That’s how we get started. Generally you want to search for the specific down to the generic because it’s priority encoding based. Ending the cards was actually a bit of the tricky part, as well as changing comments to not pop on a newline, but on a forward looking newline. Since the cards have no terminator character, newline is CRUCIAL and it cannot be consumed.

So, ending rules.

  1. Any card with another card after it is assumed to be a codewords card. Thus this does impose some rules on you for making sure to separate lines with ! lines.
  2. The context searches forward non-consuming for ! and then pops.

The Atom cards

  1. Atom cards are done a little differently because they’re specific and they don’t always have comments between. So if column 1 is non-whitespace, it’s assumed to be an element and we look for an element card.
  2. In the Atom context, if column 1 is whitespace, it’s assumed to be a codewords card and styled accordingly.

Miscellaneous:

  1. I changed your number format back to mine, because it seemed to work better.
  2. I got zeroes working.
  3. I don’t know how robust this is for any other PCR file.
  4. I have no idea what to do with P cards and I cards.
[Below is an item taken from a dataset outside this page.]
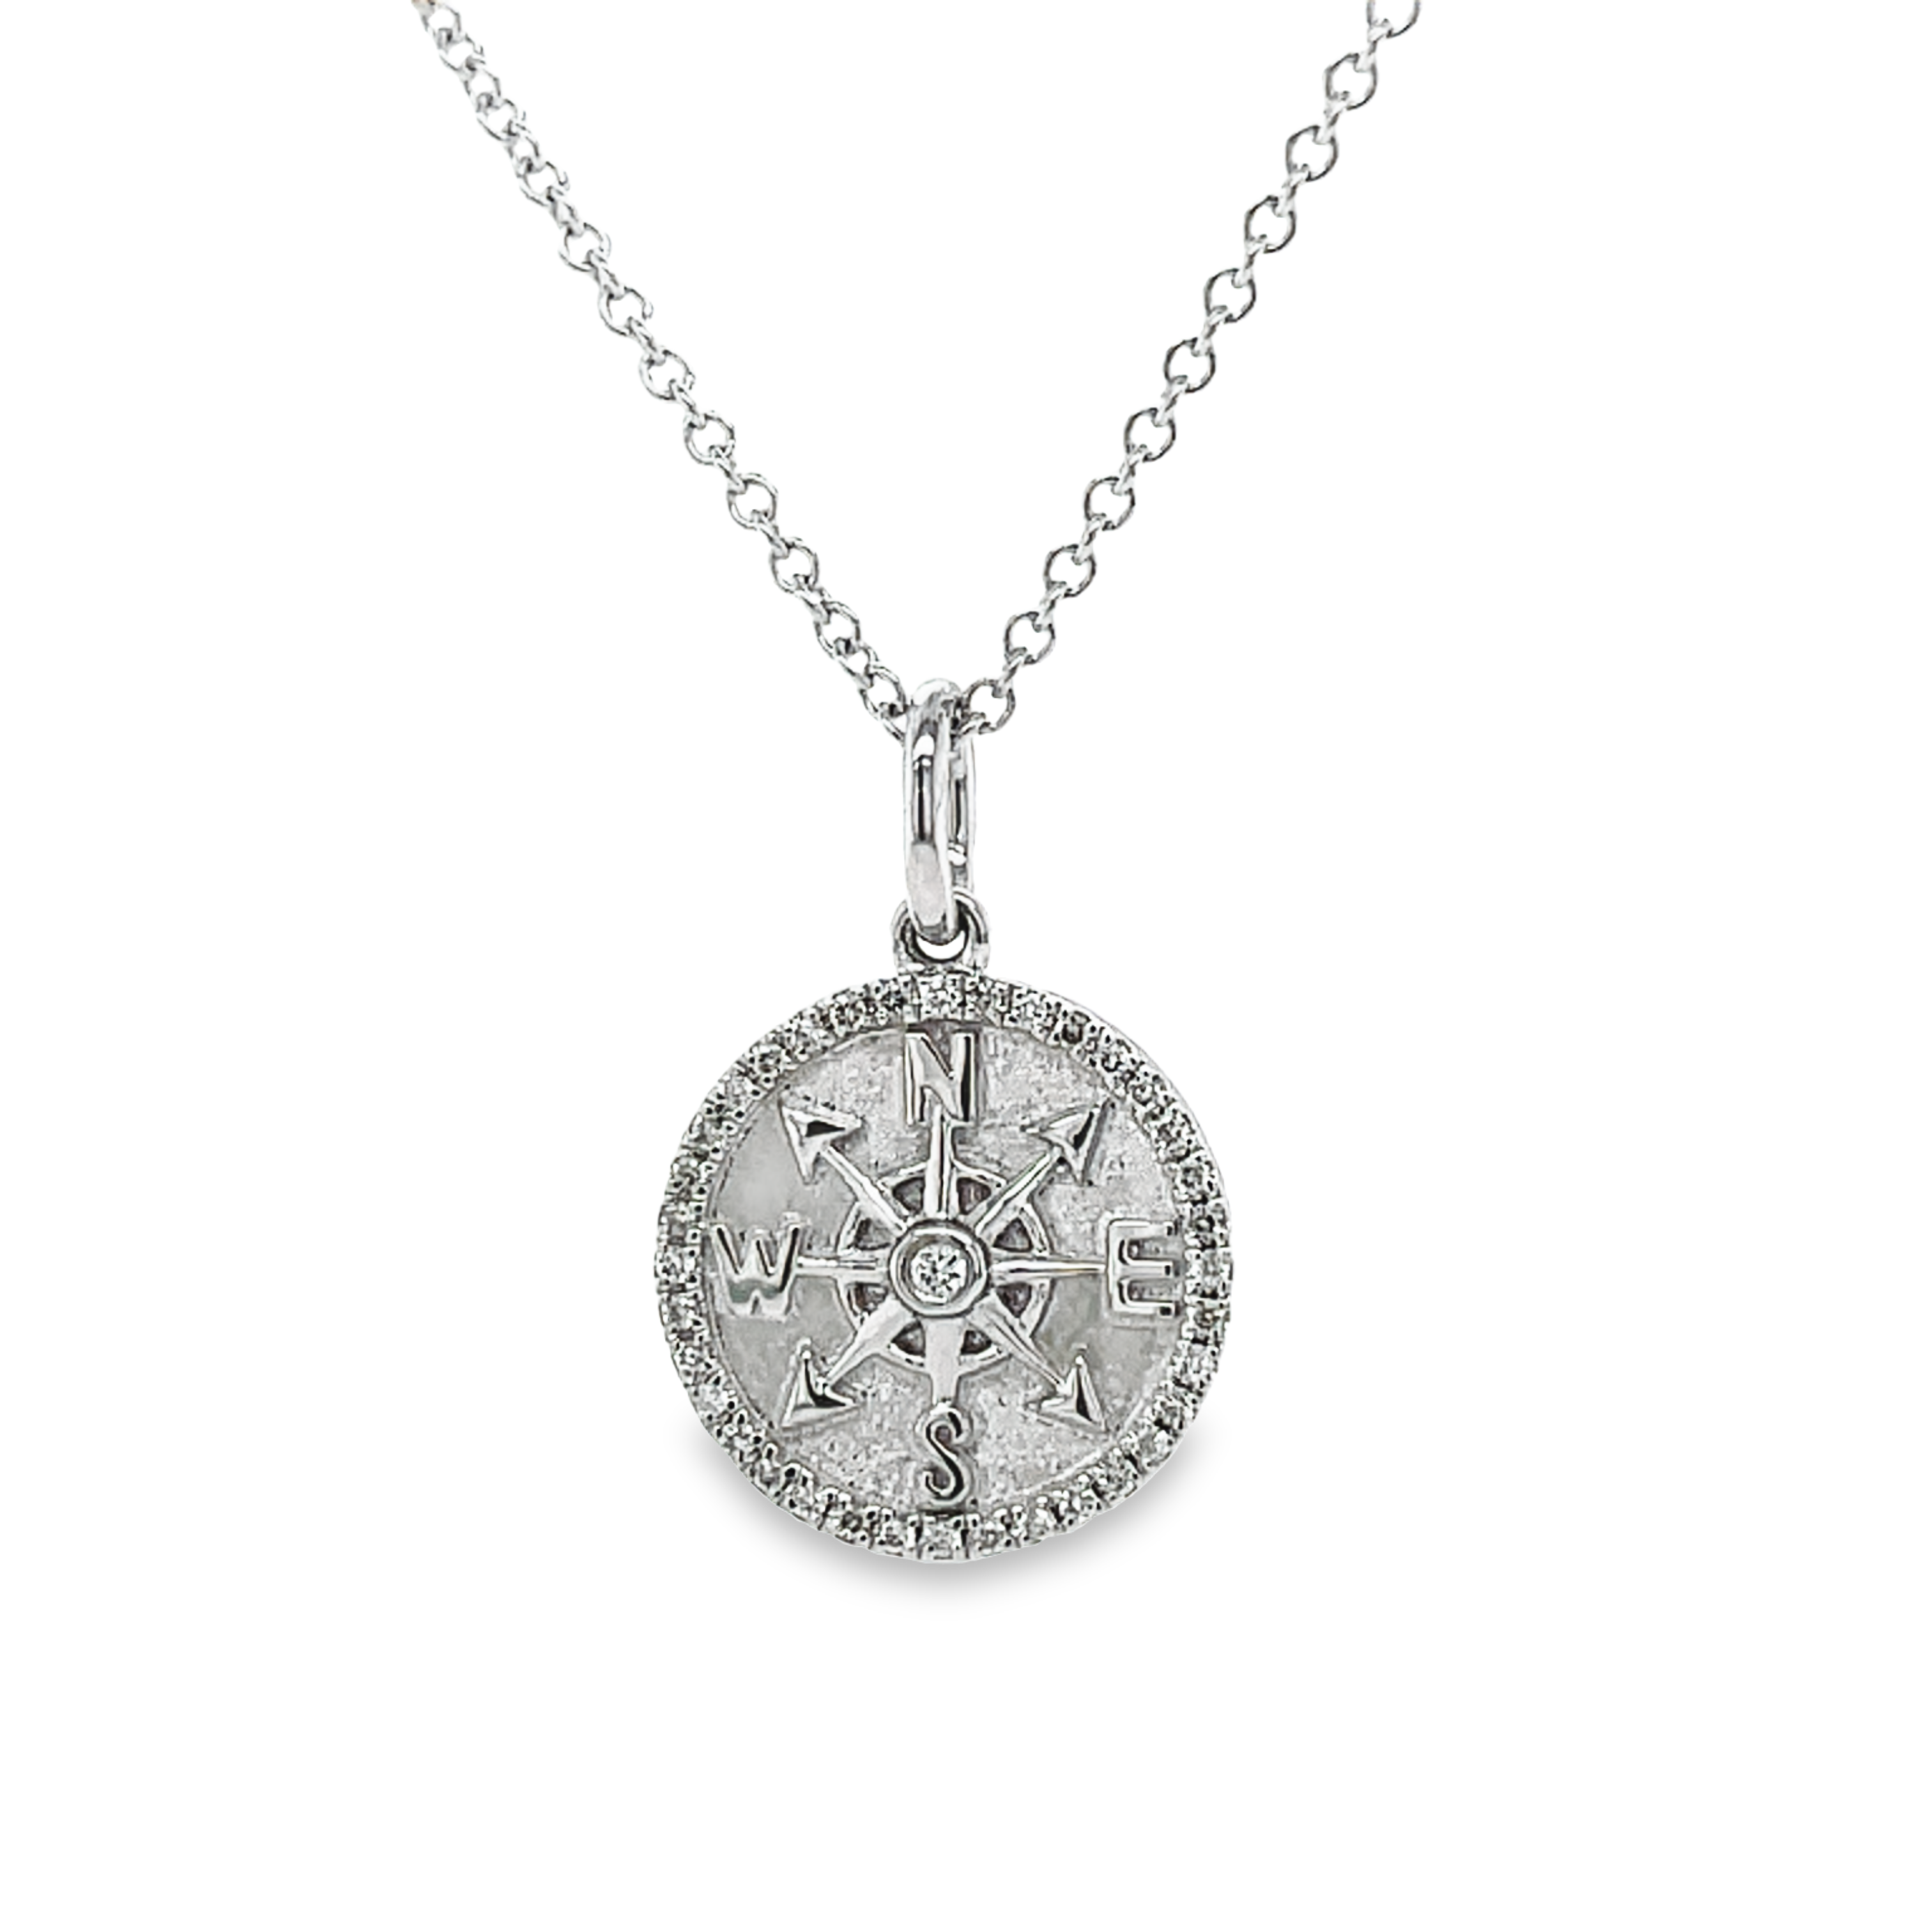 Beautiful compass pendant.  14k white gold.  Secure bail  Round diamonds 0.12 cts   18.00 mm length (including bail)  18" 1.3 mm gold chain available (optional, not included in price) $299.00
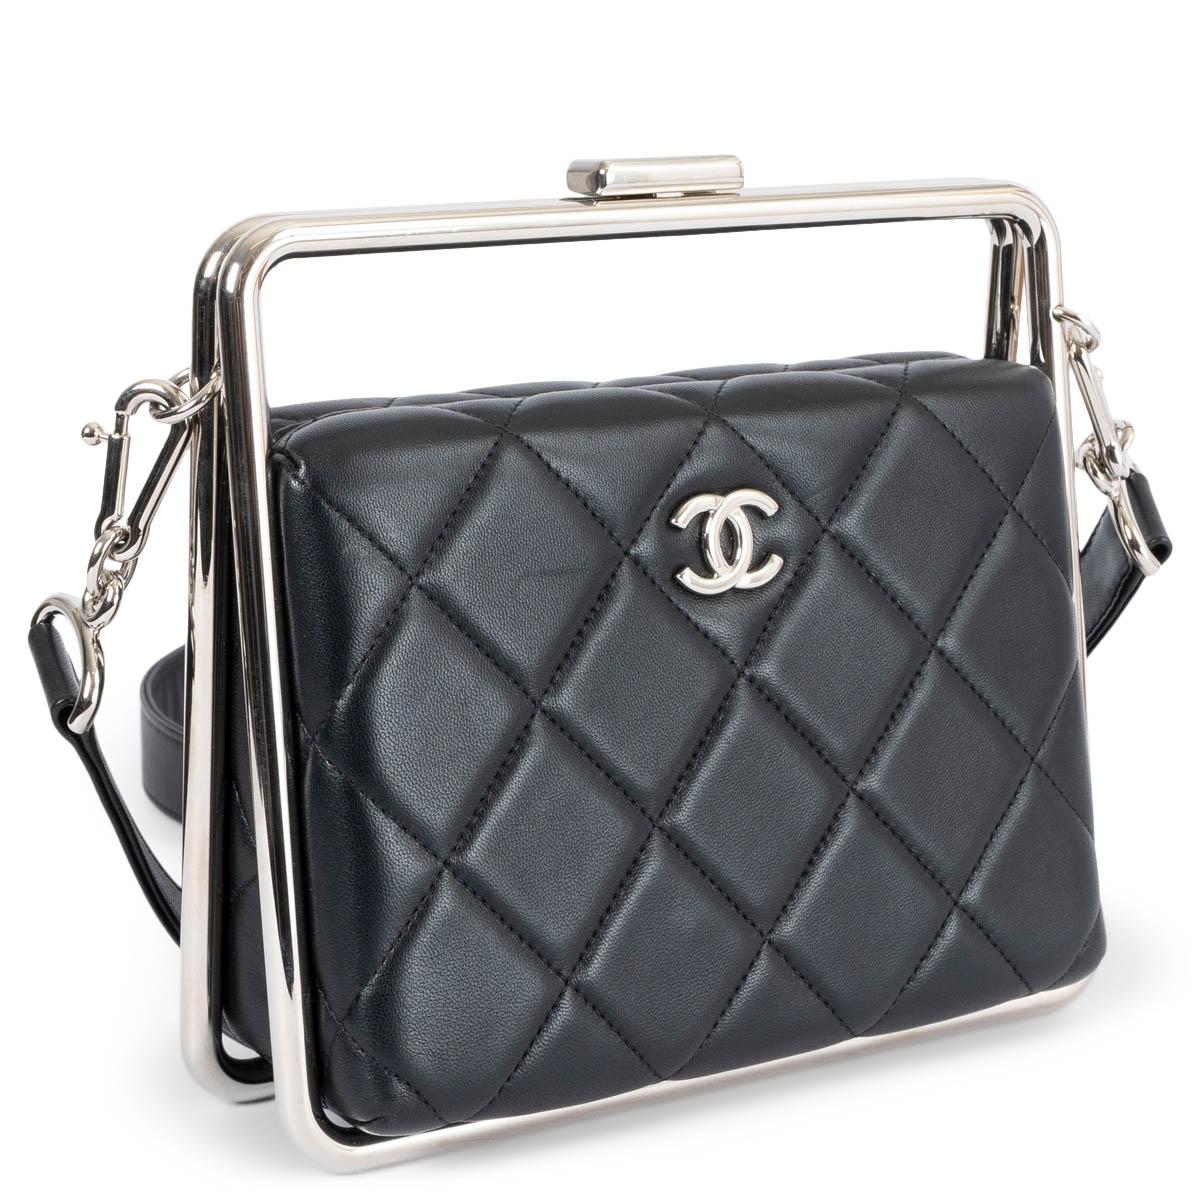 100% authentic Chanel 2020 shoulder bag/clutch in black quilted lambskin featuring silver-tone hardware. The design comes with a metal bar frame and a detachable shoulder-strap. Lined in black grosgrain with a slip pocket against the back. Has been

You’ll see those are white and we don’t know what to do with them.
  5. On line 17 I changed the ! to a # because it looks more like an inline comment.
  6. The <-- Space group symbol actually looks like an inline comment but instead of being marked as such, it’s using the (speculation) idea that once the FORTRAN program figures out what’s in column 1, it parses the line for the content it wants and ignores the rest.

Try this on for size:

%YAML 1.2
---
# See http://www.sublimetext.com/docs/3/syntax.html
file_extensions:
  - pcr
scope: source.pcr

variables:
  number: '-?[0-9eE\+\-\.]+'
  zeroes: '-?[0eE\+\-\.]+'
  element: '[A-Z][a-zA-Z]?[+-]?[0-9]*'

contexts:
  main:
    - include: commands
    #- include: special-cards
    - include: comments

  commands:
    - match: '^(COMM)\s(.*)$'
      captures:
        1: keyword.other.pcr
        2: entity.name.control-file.pcr
    - match: '^(Name)(:)\s*(\w+)'
      captures:
        1: keyword.other.pcr
        2: punctuation.separator.pcr
        3: entity.name.phase-name.pcr
    - match: '^(!)(Atom)(.*)\n'
      scope: comment.line.pcr
      captures:
        1: punctuation.definition.comment.pcr
        2: keyword.other.pcr
      push: atomic-cards
    - match: '^\s'
      push: generic-value-card

  atomic-cards:
    - meta_content_scope: meta.block.atomic-cards.pcr
    - match: (?=!)
      pop: true
    - match: '^({{element}})'
      captures:
        1: entity.name.element.pcr
      push: atomic-element-card
    - match: '^\s'
      push: atomic-codewords-card

  atomic-element-card:
    - meta_scope: meta.group.element-card.pcr
    - match: \n
      pop: true
    - match: '{{number}}'
      scope: constant.numeric.real.pcr
    - match: '{{element}}'
      scope: entity.name.element.pcr
    - include: inline-comment

  atomic-codewords-card:
    - meta_scope: meta.group.codewords-card.pcr
    - match: \n
      pop: true
    - match: '{{zeroes}}'
      scope: comment.null-command.pcr
    - match: '{{number}}'
      scope: keyword.other.pcr
    - include: inline-comment

  generic-value-card:
    - meta_scope: meta.group.values-card.pcr
    - match: \n
      set: generic-codewords-card
    - match: '{{number}}'
      scope: constant.numeric.real.pcr
    - include: inline-comment

  generic-codewords-card:
    - meta_scope: meta.group.codewords-card.pcr
    - match: (?=!)
      pop: true
    - match: '{{zeroes}}'
      scope: comment.null-command.pcr
    - match: '{{number}}'
      scope: keyword.other.pcr
    - include: inline-comment

  comments:
    - include: full-line-comment
    - include: inline-comment

  inline-comment:
    - match: '#'
      scope: punctuation.definition.comment.pcr
      push:
        - meta_scope: comment.inline.pcr
        - match: (?=\n)
          pop: true

  full-line-comment:
    - match: '!'
      scope: punctuation.definition.comment.pcr
      push:
        - meta_scope: comment.line.pcr
        - match: (?=\n)
          pop: true

Photo op:

2 Likes

#26

It is my whole file. However, I didn’t write the syntax for every component of the pcr file, yet. I stopped to try and fix the two issues I mentioned.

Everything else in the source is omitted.